於是他道:“好好好,景和啊,快把國師扶到卿若的院子去。”
景和沉默片刻,還是扶起了慕如歸,帶著人緩緩離開了。
而文老太爺還在叮囑著祝卿若,“卿若啊,你得早些給外祖父生個重外孫子來玩...來抱抱啊,你不知道,我每天做夢都想抱小重孫,你要努力實現我的夢啊。”
祝卿若笑道:“隻要重外孫,不要重外孫女嗎?”
文老太爺急切道:“都好!都好!隻要是卿若生的,男孩女孩都好。”
祝卿若輕笑道:“那外祖父再等等。”
文老太爺一聽,這是有戲啊!
他喜得整張臉都紅了,“好!那我就等著抱小重孫子重孫女了!”
文家大舅舅見他越說越激動,生怕他再說出些什麼驚天動地的話來,半拖半扶將人帶走了。
席上人走的差不多了,文景寧竄出來,“表姐回院子嗎?我們同路,一起走吧!”
祝卿若溫聲道:“好。”
文府很大,她們的院子在同一個方向,但都離宴廳有些距離。
曉曉和歲歲在院子裡沒跟來,景寧也沒帶丫鬟,二人肩並肩走在石子小道上。
景寧年紀小,性子活潑,一路上嘰嘰喳喳地說著話,一會兒說起白天的事,一會兒說起上京,一會兒說到文家,話題天南地北,什麼都有。
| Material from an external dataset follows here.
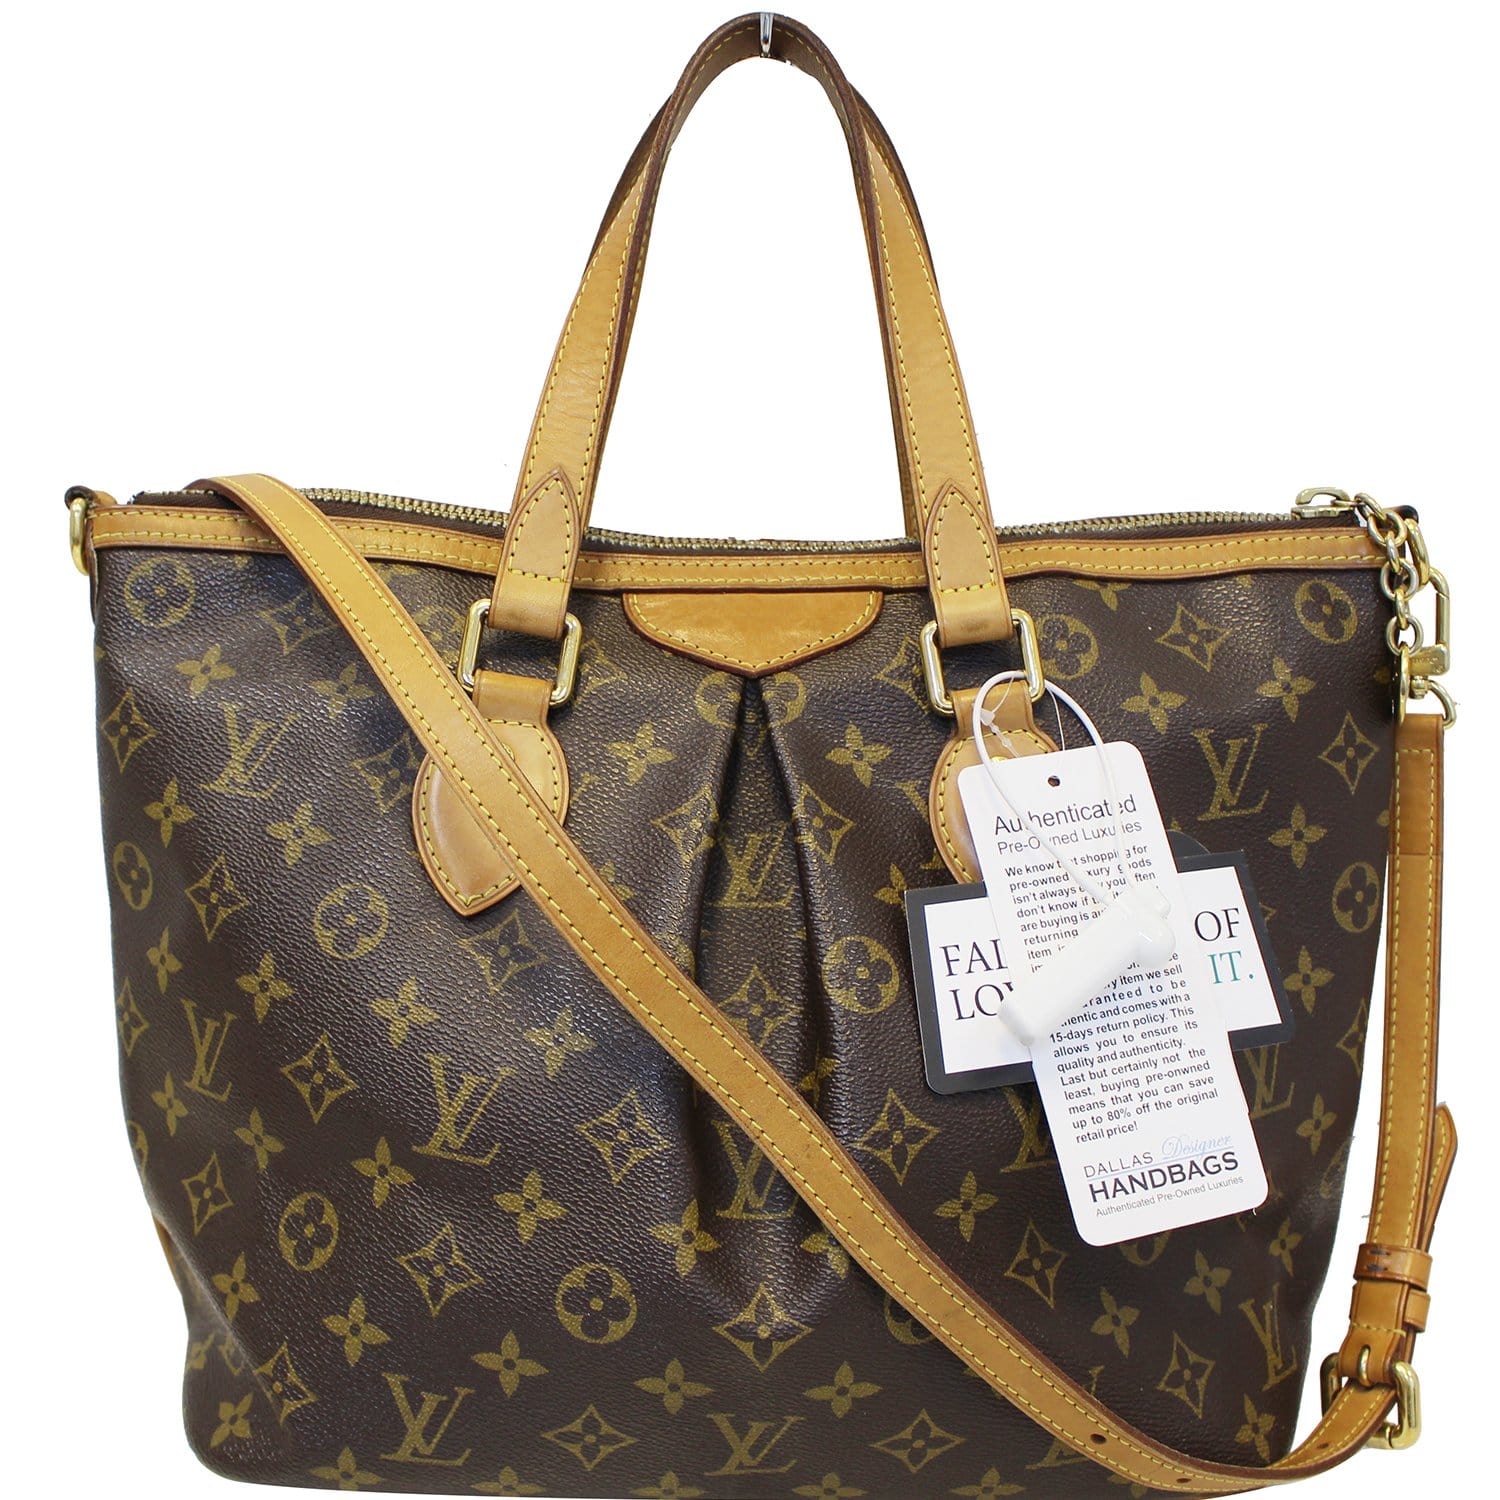 Louis Vuitton - Authenticated  Handbag - Cloth Brown for Women, Very Good Condition

祝卿若始終含笑聽著她的話,時不時回應一句,半點沒有不耐煩。
見景寧一點不覺疲憊,她打趣道:“白日還覺得我罰她們半年不說話太輕了,如今你可還覺得輕?”
景寧停下絮叨,想象了一下自己半年不說話的樣子。
接著重重擺頭,“不輕不輕!半年不說話是會憋死人的!”
祝卿若用指背點了點她的額頭,“知道就好,以後若是碰到高夫人高小姐,莫要上去嘲笑,這一次的教訓,已經足夠了。”
景寧乖巧點頭,“好。”
祝卿若對她笑了笑,沒有解釋太多。
景寧心思單純,當然想不到這件事背後還有什麼。
雖說今天她隻罰了她們不許說話,沒有連坐她們的丈夫父親。但這件事在國師麵前掛了臉,就算在慕如歸眼裡,這件事已經過去了,可許州牧不會這麼以為。
許州牧會揣度慕如歸的心意,慕如歸不說,他也不會再重用這些夫人們的丈夫。被連累的大人們或許需要比常人還要努力數倍,才能再次獲取許州牧的信任,也有可能一輩子也不會再往上升。
而連累了他們的夫人小姐們,在府裡的日子恐怕沒有之前好過。
祝卿若隱蔽地歎了口氣,因果循環,這是她們自己種下的因結成的苦果,她能救她們一時,卻救不了她們一輩子。
等什麼時候她們的未來不必懸掛於男人身上,她們才能得以解脫。
祝卿若眼底閃著微光,更加堅定了自己的理念。
景寧正走著,遠遠地便看見了往回走的景和,她揚聲道:“哥!”
祝卿若抬頭望去,正好與聞聲看過來的景和對上了視線,她朝他點頭笑了笑。
景和看到她們,先是愣了一下,隨即雙手交疊,俯首對她行了一個禮,之後便轉向了另外一條小道,沒有上前與她交談。
景寧看不懂景和這什麼意思,怎麼連話也不說一句?
祝卿若倒是覺得景和變了許多,“之前景和來上京,我還覺得他的性子過於歡脫,五年過去,他長大了,人穩重不少,倒是有長孫的味道了。”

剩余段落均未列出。